Your temperament may describe your battlefield, but it does not excuse your responsibility to surrender to the highest version of self Allah created you to be.
If Allah has shown you your challenges, it is not so you can decorate it with spiritual language, it is so you can struggle against it with sincerity.
This is why the people of purification speak so much about muhasabah—honest self-reckoning and self-accountability.
Not performance, not spiritual aesthetics, not collecting beautiful words while the same inner diseases remain untouched.
But asking yourself difficult questions:
- What does praise do to your heart?
- What does criticism awaken in you?
- What are you protecting so fiercely?
- What do you reach for when you feel empty?
- What do you fear losing more than you fear displeasing Allah?
- What pain keeps disguising itself as personality?
This is deeper than temperament.
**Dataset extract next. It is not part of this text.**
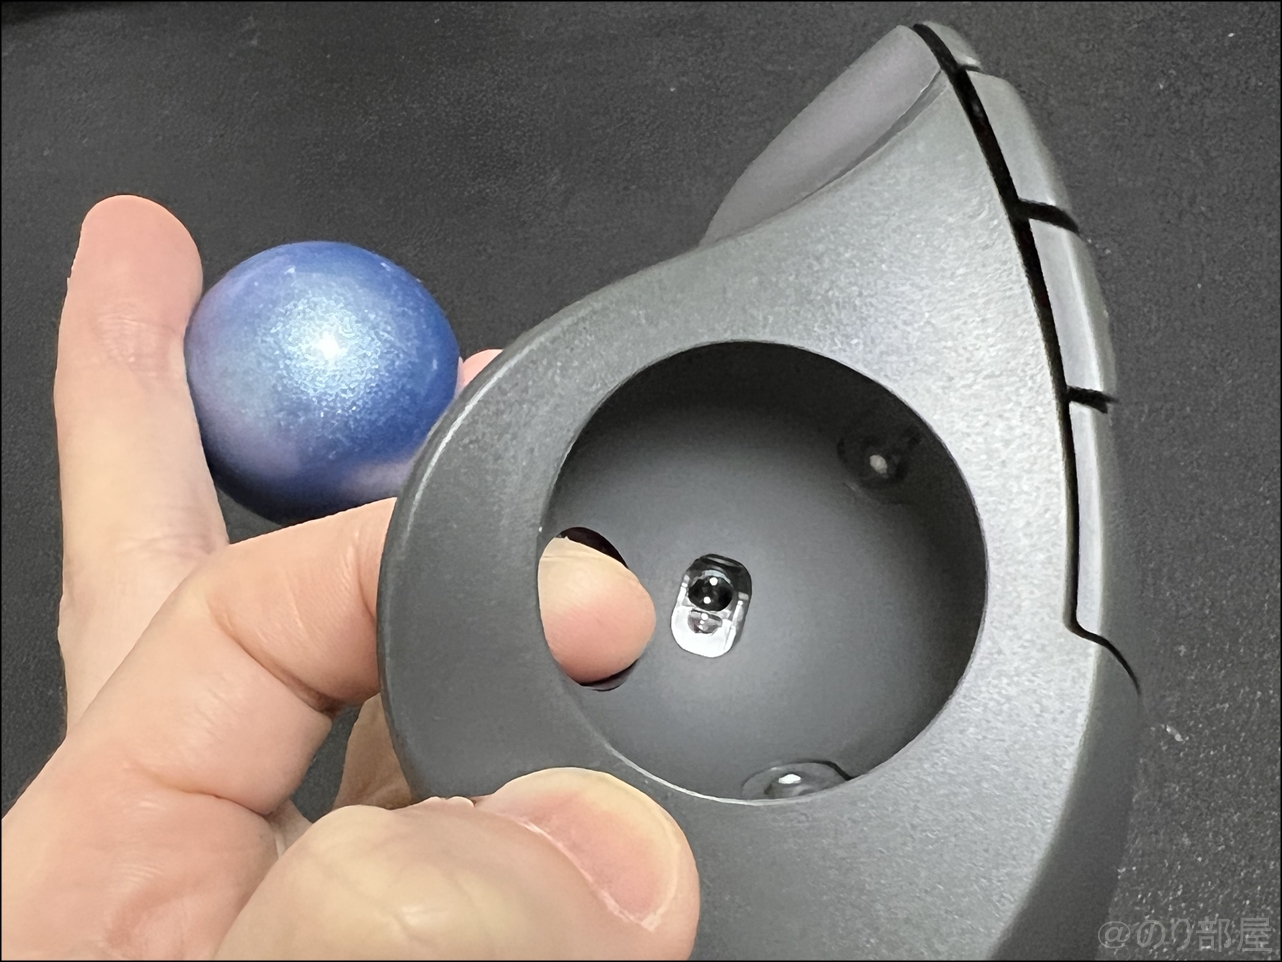 M575 トラックボールを指でボールを外す ロジクール M575のボールが指で外せるのがとても便利で最高！【トラックボール】【徹底解説】ロジクール「M575」VS「MX ERGO」の比較レビュー｡M575の問題発見!メリット･デメリットを紹介します！
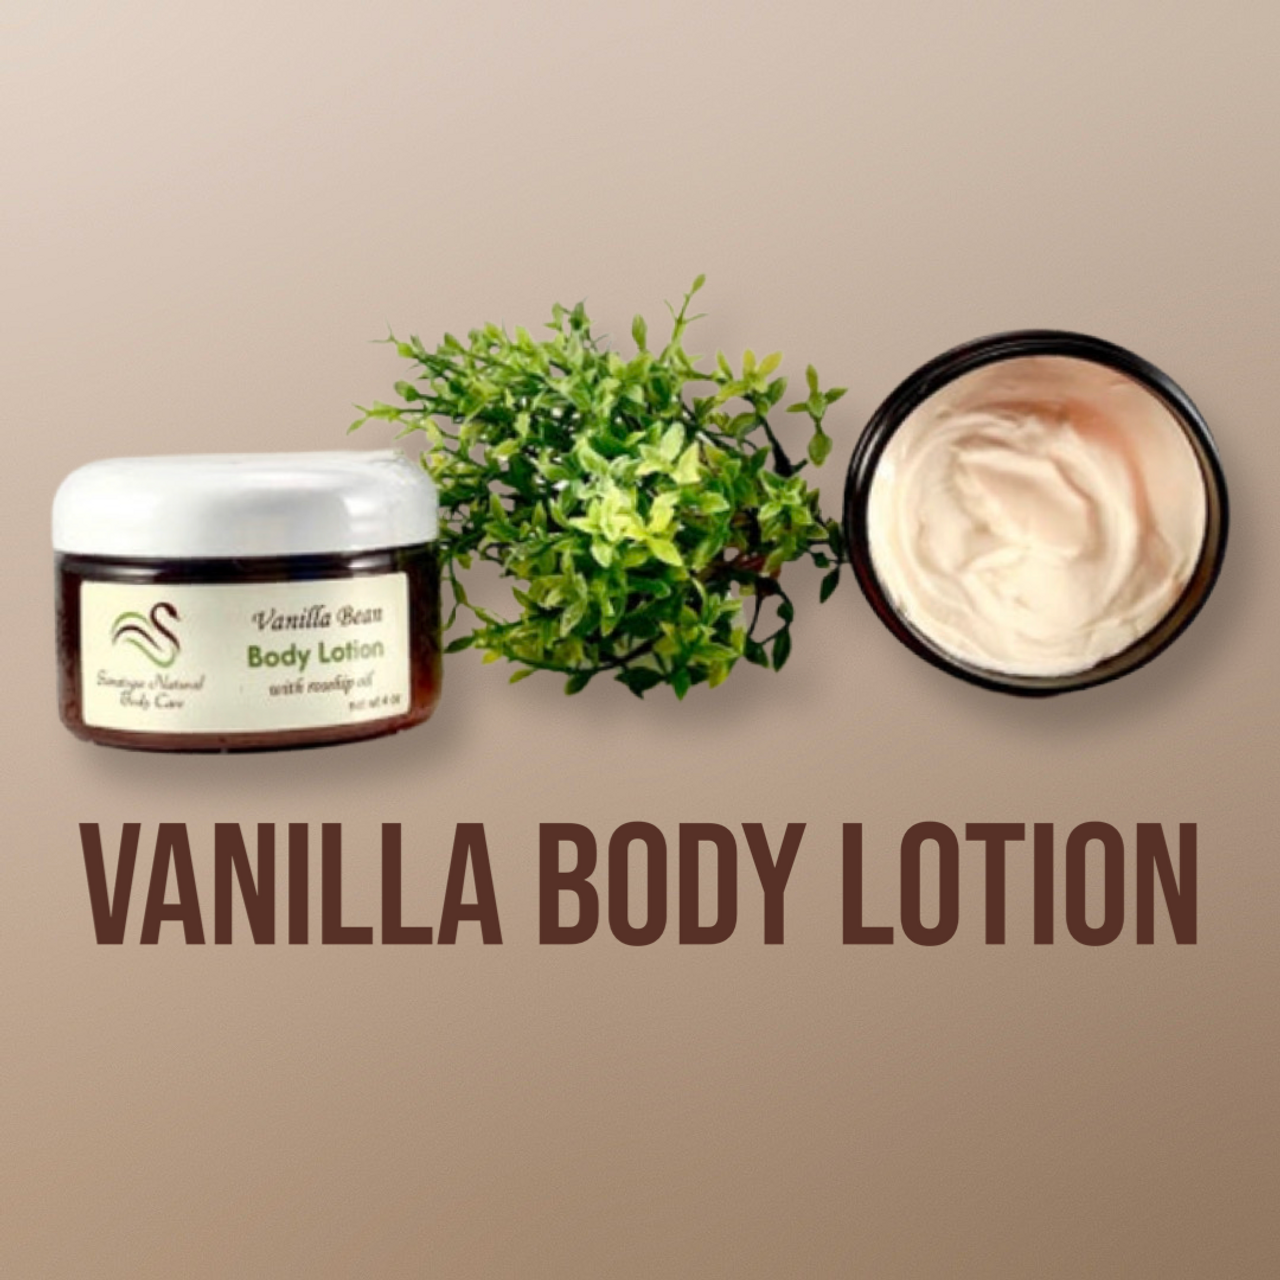 Vanilla Bean Lotion

This is ma‘rifat al-nafs—knowing the self—which is a prerequisite to ma‘rifat Allah.
And this knowledge is not sought for curiosity, it is sought for purification. We do not study ourselves so we can become more fascinated with ourselves.
We study ourselves so we can stop being ruled by ourselves.
Because the goal of the path is not self-understanding for its own sake. It is freedom from the tyranny of the nafs.